As Legislative Session for 2014 begins, the Humane Society of the United States would like to celebrate the Animal Protection laws passed in 2013 to help animals in West Virginia.

We would also like to thank the many legislators who made laws to regulate “puppy mills” and to fund spay/neuter programs a reality for the Mountain State. For their efforts in working on legislation to benefit animals four legislators were presented with “Humane Legislator of the Year” awards by the Humane Society of the United States: Senator John R. Unger II (D-Berkeley), Senator William R. Laird IV (D-Fayette), Speak of the House Tim Miley (D-Harrison), and Delegate Mike Manypenny (D-Taylor).

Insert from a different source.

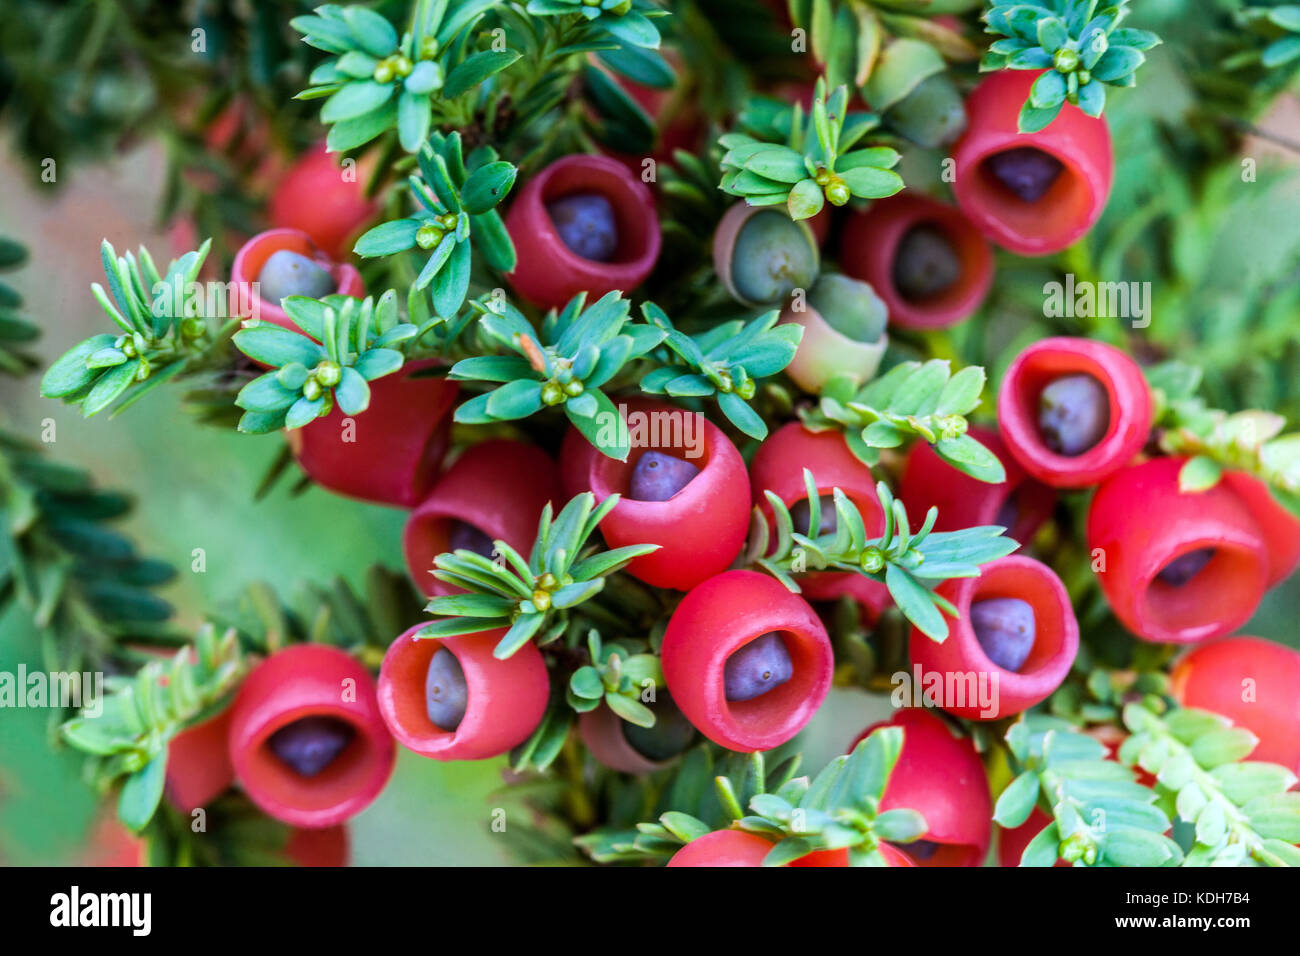 Taxus baccata ' Adpressa ', Yew cones, red berries, tiny needles Stock Photo
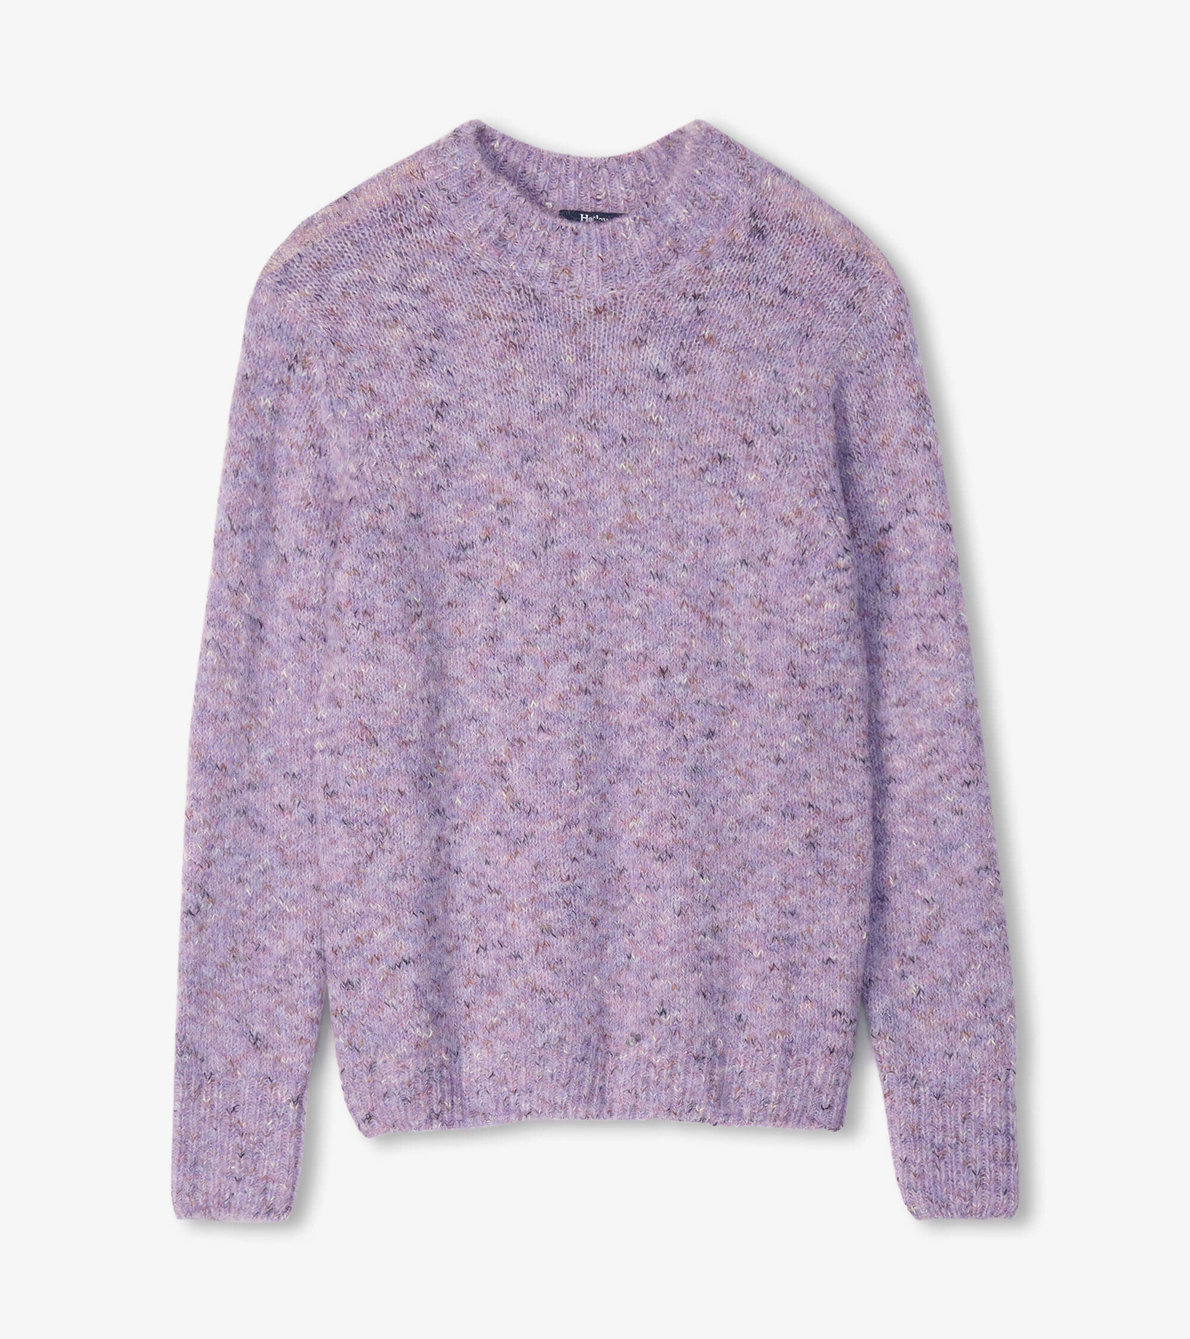 View larger image of Everywhere Sweater - Smokey Purple

In the fifth annual “Humane State Ranking” report released by The Humane Society of the United States, California held onto first place while South Dakota has the weakest animal protection laws in the nation. West Virginia was the most improved state, leaping ahead in the ranks by passing laws to regulate puppy mills and support spay/neuter programs. The comprehensive analysis of animal protection laws in all 50 states and Washington, D.C., grades states on the strength of a wide range of animal protection laws, including policies dealing with animal cruelty and fighting, pets, wildlife, equines, animals in research, and farm animals..

Use our interactive map to see how your state ranks. Wayne Pacelle, president and CEO of The HSUS, said: “Animal protection is a core value of our society, and the states’ laws must reflect this sensibility. We applaud all the states that passed important protections for animals last year, and urge lawmakers to continue making animal issues a priority in 2014, especially the states that are lagging.”

Other top states are Oregon, which moved up to second place this year by passing laws to ban horse tripping and place limits on chaining dogs outside; Illinois (third place) for passing a pet lemon law to protect consumers from buying sick puppies at pet stores; Massachusetts (tied for fourth place); and New York, which jumped from seventh to tie for fourth for passing a ban on shark fin products and outlawing captive hunts from stocking invasive wild pigs.

South Dakota earned the lowest score (51st place), partly because it is the only state without a felony-level penalties for malicious cruelty. Other states near the bottom include Idaho and Mississippi (both tied for 49th place), North Dakota (48th place) and Alabama and South Carolina (both tied for 46th place).

In 2013, The HSUS helped pass 107 new laws and regulations to protect animals and helped to defeat a number of harmful measures such as “ag-gag” laws that would suppress whistleblowers at industrial factory farms.

The ranking was based on 75 different animal protection issues in 10 major animal protection categories including: animal fighting; animal cruelty; wildlife abuse; exotic pets; companion animals; use of animals in research; farm animals; fur and trapping; puppy mills, and equine protection.